EDIT: gestartet wird die Anwendung natürlich mit einem Doppelklick auf myapp.bat


----------



## volkerk (14. Jun 2018)

Hallo,

Vielen Dank, werde ich heute Abend (allerdings sehr spät) probieren und morgen antworten.

Viele Grüße Volker.


----------



## volkerk (15. Jun 2018)

Hallo,

dank der Hilfe habe ich nun einen Quantensprung (jedenfalls für mich) geschafft: Es kommt eine andere Fehlermeldung. Ich denke aber die ist erklär und lösbar.

Beim starten der Batch-Datei erkennt er dass ich nun eine 64bit JRE habe und die nicht zu dem 32bit Betriebssystem passt.

Als JRE habe ich 1.8.0.151  werde da nun mal nach 32bit ausschau halten und dann am montag nochmals probieren.

Ein schönes Wochenende an alle.

Gruss Volker.


----------



## mihe7 (15. Jun 2018)

Das ist halt der Unterschied zu einer Installer-Lösung, die das passende JRE installiert


----------



## volkerk (18. Jun 2018)

Hallo,

so jetzt habe ich fast das ganze Wochenende gesucht und leider keine 32bit Version gefunden (welche bei denen mit 64bit dabeisteht gibt es genug).

Nun müsste ich (danke für den Hinweis mit der installer Lösung) auf einem 32 bit Rechner JAVA installieren und dann die JRE nehmen.

Noch eine ganz unwissende Frage: Bei der JRE steht 1.8.0.151 (oder so ähnlich) dabei woher weiss ich denn nun welche JAVA version das ist , denn auf den DownloadSeiten steht immer nur 8,9,10,SE,ME usw.

vielleicht ist das relativ einfach zu erklären ?


Vielen dank


Gruß

Volker.


----------



## mihe7 (18. Jun 2018)

volkerk hat gesagt.:


> so jetzt habe ich fast das ganze Wochenende gesucht und leider keine 32bit Version gefunden



??? Google: jre 8 32 bit - erstes Ergebnis führt zur Downloadseite von Oracle, dort nimmt man "Windows x86 Offline" (jre-8u171-windows-i586.exe)

Die Versionsnummern sind bei Java eine Wissenschaft für sich 

Java 8 = 1.8.0_x, wobei x die Updatenummer kennzeichnet. D. h. die Java Runtime Environment 8 Update 171 hat intern die Versionsnummer 1.8.0_171

Ab Java 9 gilt dieses Schema nicht mehr.

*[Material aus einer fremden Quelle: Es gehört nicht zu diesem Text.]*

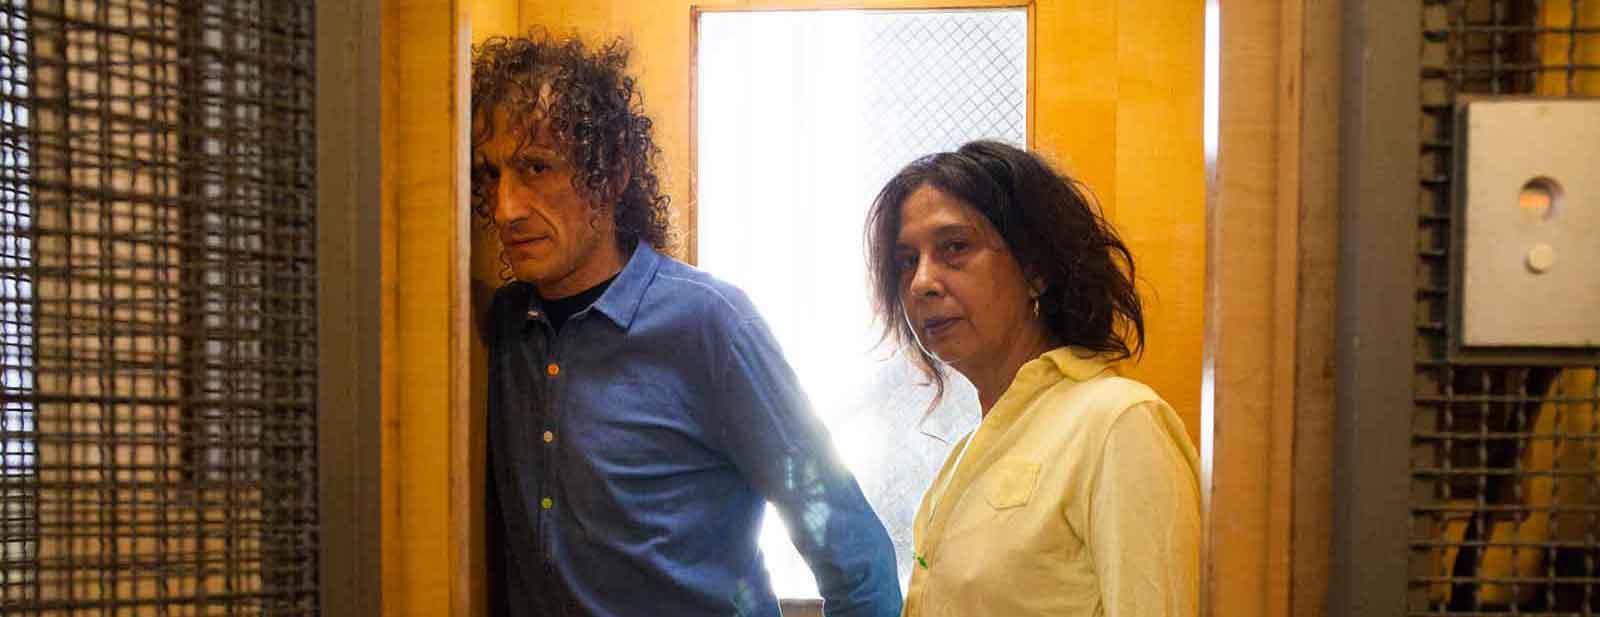 Antonio Rezza e Flavia-Mastrella. © Foto di Giulio Mazzi. Particolare

Das JRE dürfte es eigentlich nur als SE geben.

SE steht für Standard Edition. 
ME ist Micro-Edition (Handy)
EE ist Enterprise-Edition

Damit sind verschiedene APIs gemeint. SE sind die Standard-APIs, EE die Enterprise APIs usw.


----------



## Dukel (18. Jun 2018)

Wie konnte man ein 64bit JRE auf einem 32bit OS installieren?


----------



## volkerk (18. Jun 2018)

Hallo,

Danke nochmals.

Genau das "??? Google: jre 8 32 bit" wusste ich nicht ich habe nach "1.8.0..... 32 bit" gegoogelt.

Den Download für "jre-8u171-windows-i586.exe" habe ich dann auch irgendwann gesehen brachte das aber nicht mit 1.8.0.... in verbindung.

Durch die installation dachte ich findet JAVA die richtige JRE umgebung.


So werde das jetzt ausprobieren (wahrscheinlich erst am Wochenende)


Vielen Dank nochmals.


Volker.


----------



## mihe7 (18. Jun 2018)

Dukel hat gesagt.:


> Wie konnte man ein 64bit JRE auf einem 32bit OS installieren?


Das 64-Bit JRE wurde entpackt auf einen USB-Stick kopiert.


----------



## Xyz1 (19. Jun 2018)

Ein Java 8 Programm beißt sich nur bei extrem hohen Ressourcen(anforderungen) mit einem 32bit JRE 8.
Das ist mal wieder völliger Quatsch der hier geschrieben wird.
Link für nicht so versierte: https://java.com/de/download/
Der wählt direkt den richtigen Installer. 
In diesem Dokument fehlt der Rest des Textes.